The nonclinical internet data comes from sources such as news sources and blog posts; social media sites, such as Twitter, Facebook and Instagram; as well as sites such as Yelp and even OpenTable, an application used to make a reservation at a restaurant. Brownstein said he also leverages data from traditional sources, such as electronic medical records.
These troves of nonclinical internet data not only provide new early signals about public health events and populations, they also give researchers access to data at a global scale, according to Brownstein. "You can imagine that the data we have across clinical settings is very geographically refined," he said.
Once the data has been collected, tools are developed to organize the data by location and by keyword, which is then mapped to taxonomies and used as a structured database for analysis, according to Brownstein. This is where Brownstein and his team rely on machine learning tools to separate potential signals from noise.
Making sense of the digital phenotype is no easy task. Part of the complexity is because people talk about medications or their symptoms in unexpected ways that don't map to medical and even nonmedical taxonomies. Examples of features that make the data hard to organize include typos, spelling variations, invented words and hashtags.
"It takes a huge amount of curation and development to get to a place where we can start to organize this content and take the ways in which people talk about illness and code them to more traditional taxonomies," he said.
An early warning system
This kind of digital phenotyping has already proved successful. Brownstein has built public health "surveillance" tools such as HealthMap, which launched in 2006. It is a patient-facing public health system that he co-created, and it uses internet data such as aggregated news stories, blog posts, government websites and social data for "disease outbreak monitoring and real-time surveillance of emerging public health trends," according to its website.
"It's a global tracking system that basically ties as many data sources as we can get access to across hundreds of thousands of websites and 15 different languages," Brownstein said. In 2014, HealthMap picked up on the deadly Ebola outbreak in West Africa a week before an official announcement was made. The early warning signal came from a news story of a "mystery hemorrhagic fever" killing eight in Guinea.

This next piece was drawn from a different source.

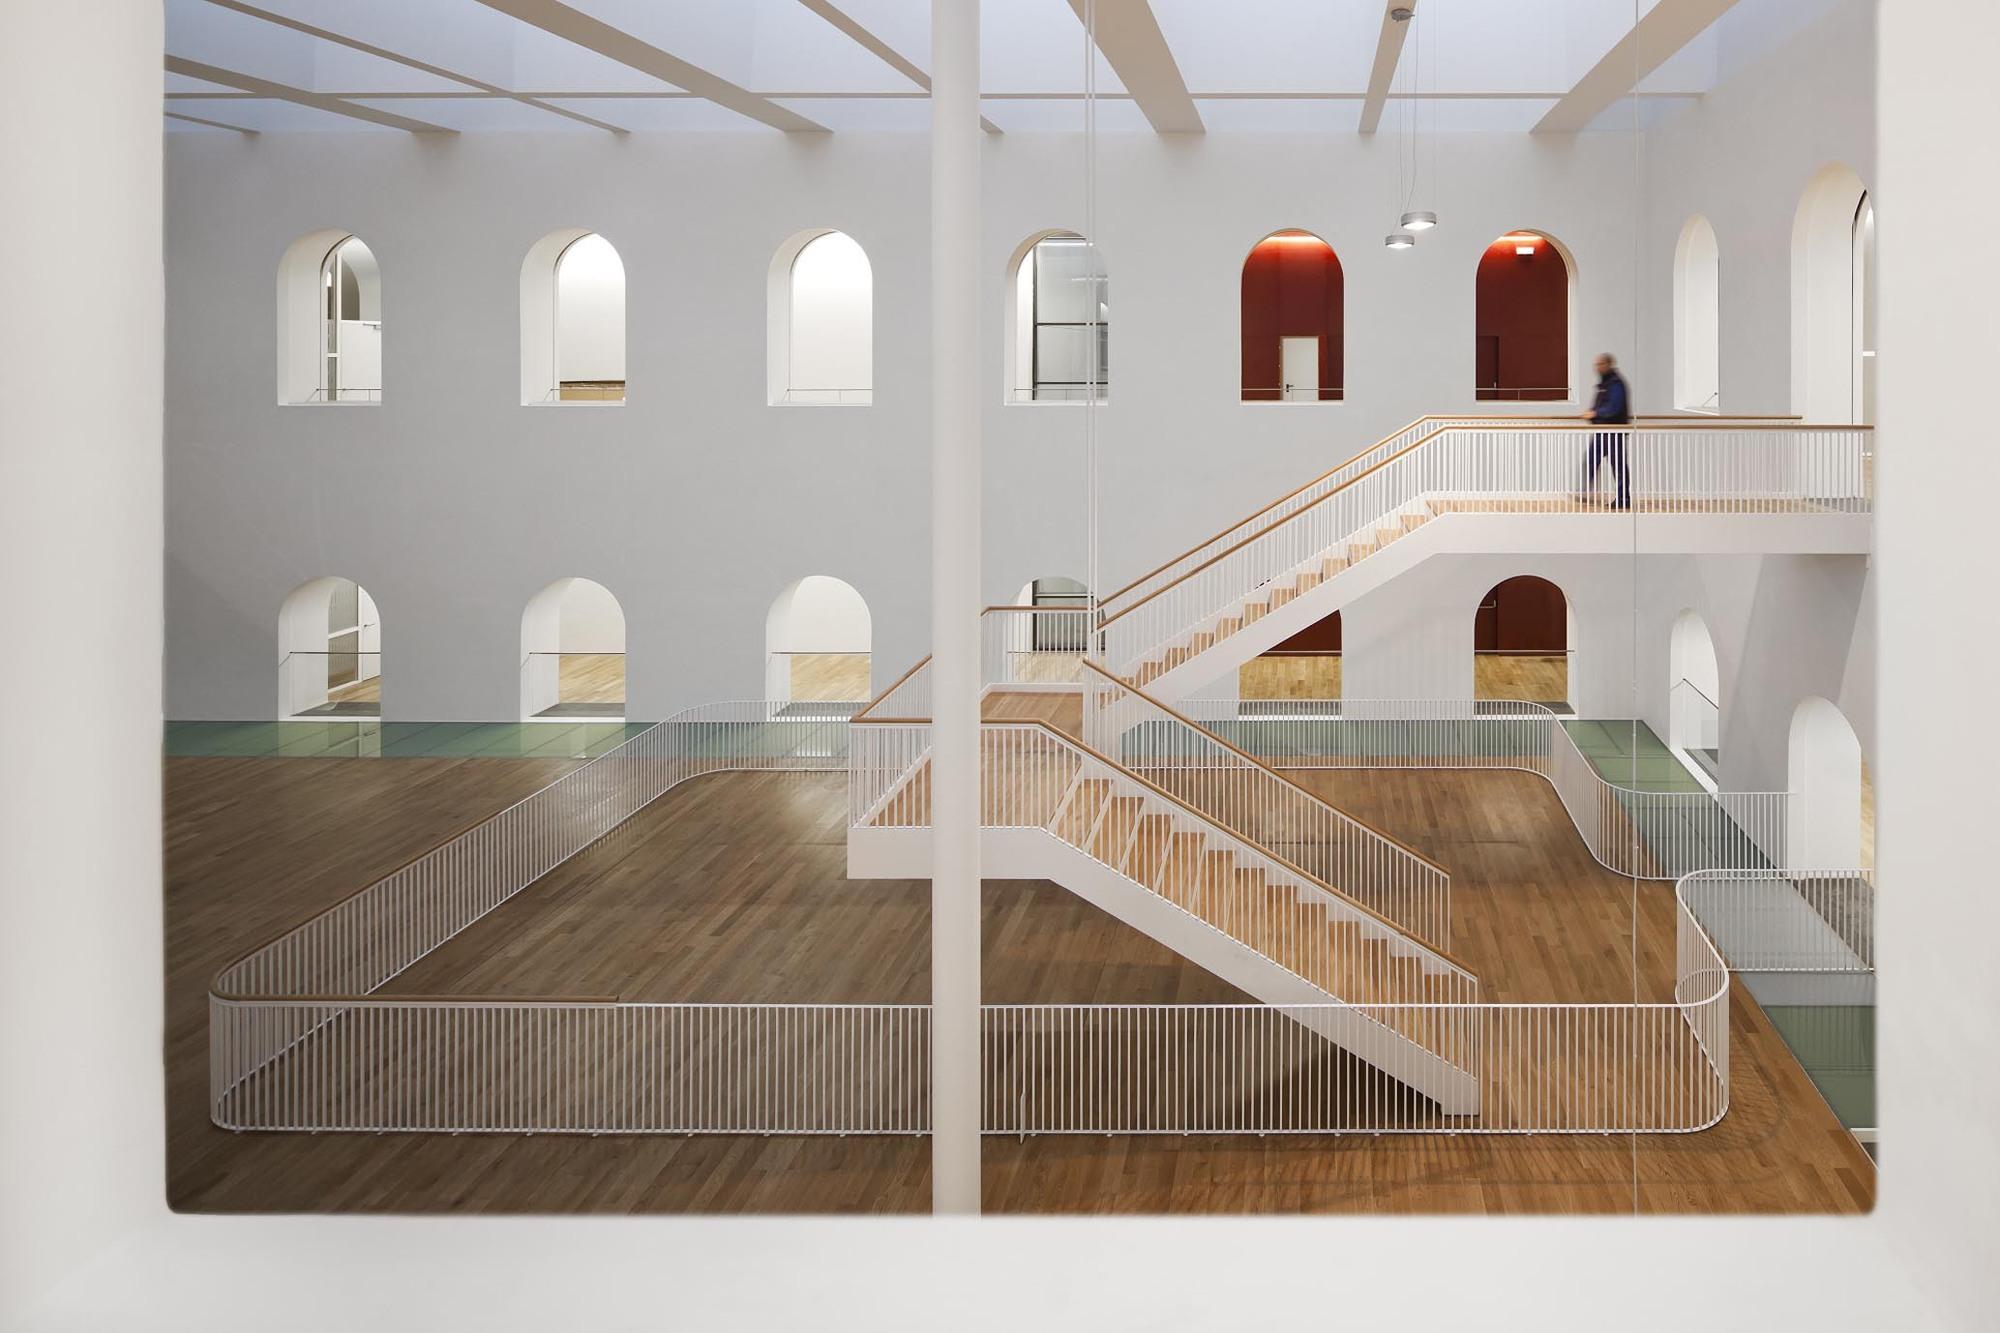 Palácio da Justiça de Burgos / Estudio Primitivo Gonzalez, © FG+SG - Fernando Guerra, Sergio Guerra

And, as the years tick by, social media data and internet data are helping produce more robust digital phenotypes. Brownstein and his team are monitoring traffic data of, for example, spikes in Wikipedia's influenza page to gauge the state of global health. They're also looking at sites such as OpenTable -- reservation cancellations could be a signal of a potential influenza outbreak -- and Yelp, which crowdsources reviews of businesses and restaurants. "I'm not sure if people know this, but 10% of Yelp reviews are food-poisoning-related," he said.
In fact, reviewers often mention specific ingredients they believe caused the disease. When Brownstein and his team shared that information with the Centers for Disease Control and Prevention (CDC), the agency was incredulous, he said. After doing its own analysis, the CDC found that the reviewers were surprisingly accurate.
"From our perspective, the consumer, the patient is much smarter than we give them credit for," Brownstein said.